Use the full key path — Set this option to use the full key path in the resname. For example: menu/value/popup/menuitem/value. The use key name as resname option must be set for this option to take effect. If enabled, exception regular expressions apply to the full path.

Content Processing Tab

Process text content with this sub-filter — Specify an Okapi filter ID (e.g. okf_html) to process the content of all translatable text with that filter. Leave this field blank for default behavior.

Find inline codes by patterns defined below — Set this option to use the specified regular expressions on the text of the extracted items. Any match will be converted to an inline code.

Note: This option cannot be used together with the sub-filtering option.

By default the expression is:

((%(([-0+#]?)[-0+#]?)((\d\$)?)(([\d\*]*)(\.[\d\*]*)?)[dioxXucsfeEgGpn])
|((\\r\\n)|\\a|\\b|\\f|\\n|\\r|\\t|\\v)
|(\{\d.*?\}))

Add — Click this button to add a new rule.

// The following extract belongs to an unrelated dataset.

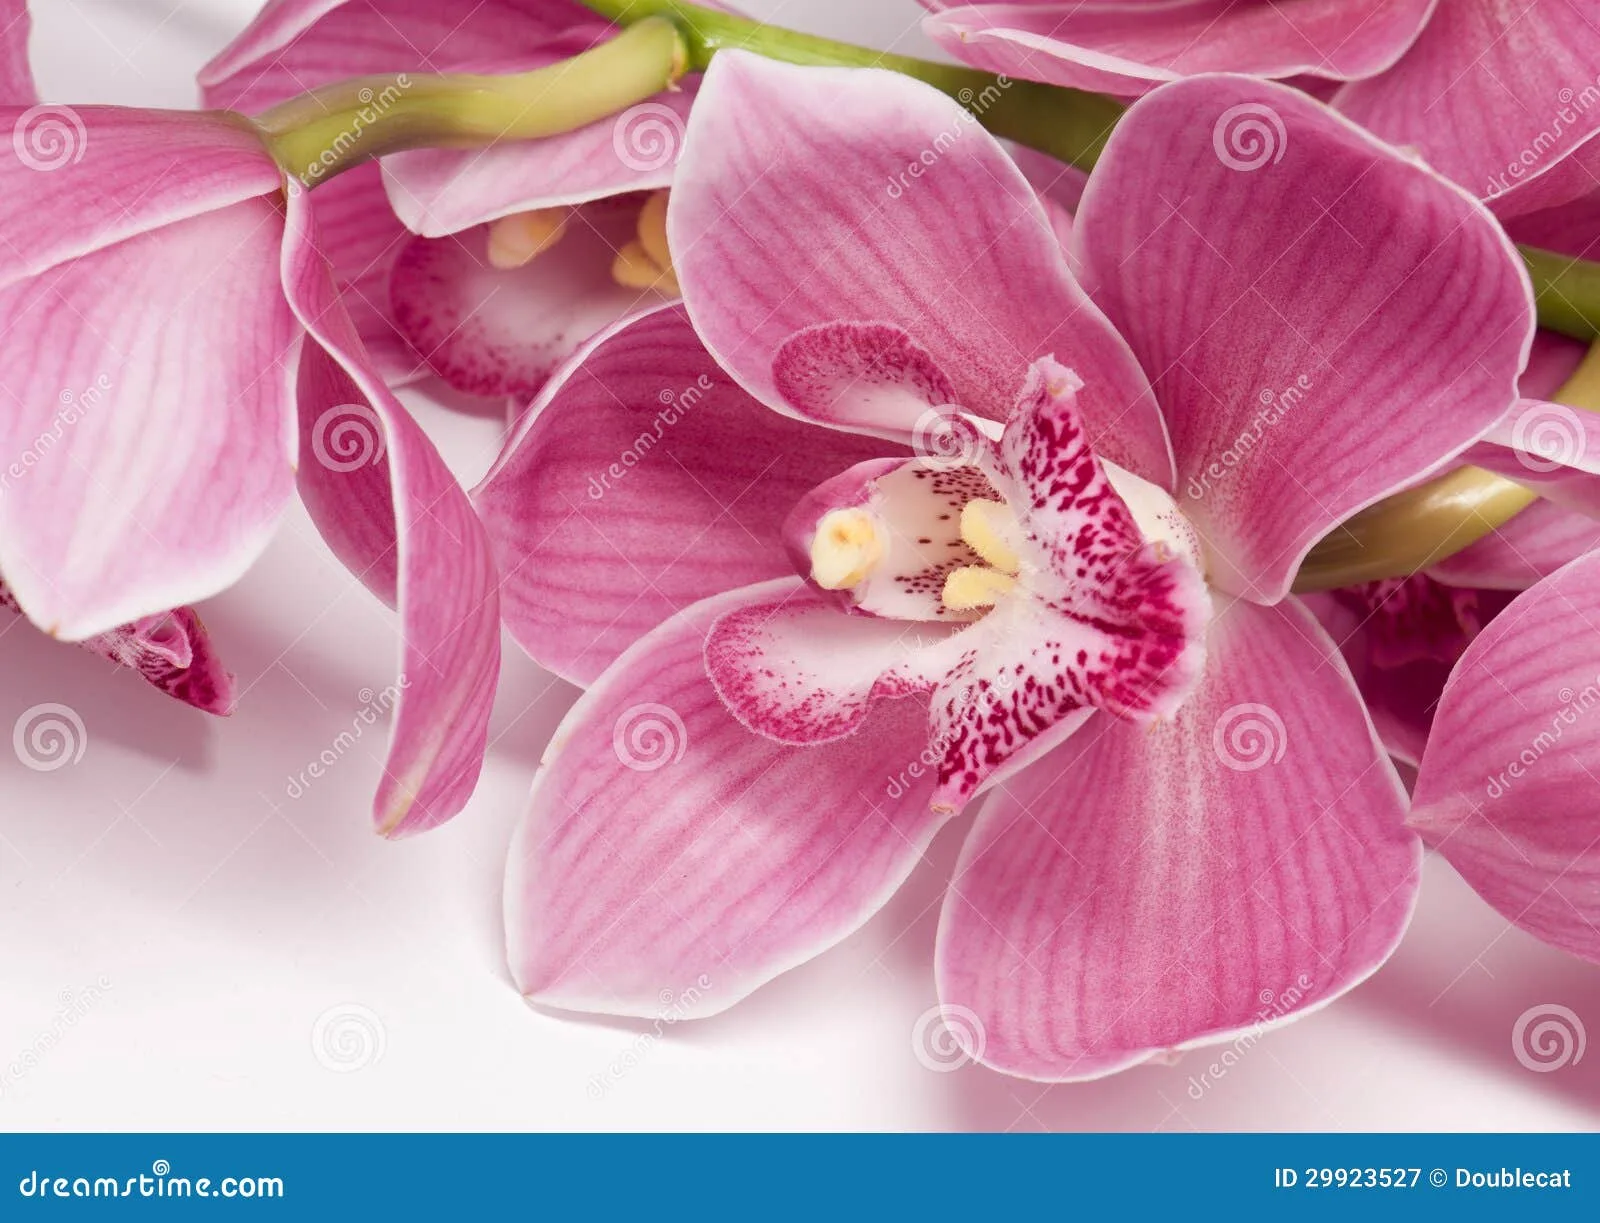 Фото Стихи к подарку орхидея #88

Remove — Click this button to remove the current rule.

Move Up — Click this button to move the current rule upward.

Move down — Click this button to move the current rule downward.

[Top-right text box] — Enter the regular expression for the current rule. Use the Modify button to enter the edit mode. The expression must be a valid regular expression. You can check the syntax (and the effect of the rule) as it automatically tests it against the test data in the text box below and shows the result in the bottom-right text box.

Modify — Click this button to edit the expression of the current rule. This button is labeled Accept when you are in edit mode.

Accept — Click this button to save any changes you have made to the expression and leave the edit mode. This button is labeled Modify when you are not in edit mode.

Discard — Click this button to leave the edit mode and revert the current rule to the expression it had before you started the edit mode.

Patterns — Click this button to display some help on regular expression patterns.

Test using all rules — Set this option to test all the rules at the same time. The syntax of the current rule is automatically checked. See the effect it has on the sample text. The result of the test are displayed in the bottom right result box. The parts of the text that are matches of the expressions are displayed in <> brackets. If the Test using all rules option is set, the test takes all rules of the set in account, if it is not set only the current rule is tested.

[Middle-right text box] — Optional test data to test the regular expression for the current rule or all rules depending on the Test using all rules option.

[Bottom-right text box] — Shows the result of the regular expression applied to the test data.

Limitations

Wrapped lines in the original source document will be unwrapped in the target document. That is, all text will be on a single line. If an illegal character is introduced the user will need to manually add double or single quotes so that the target YAML file is valid. A WARNING will be issued by the filter if this scenario can be detected.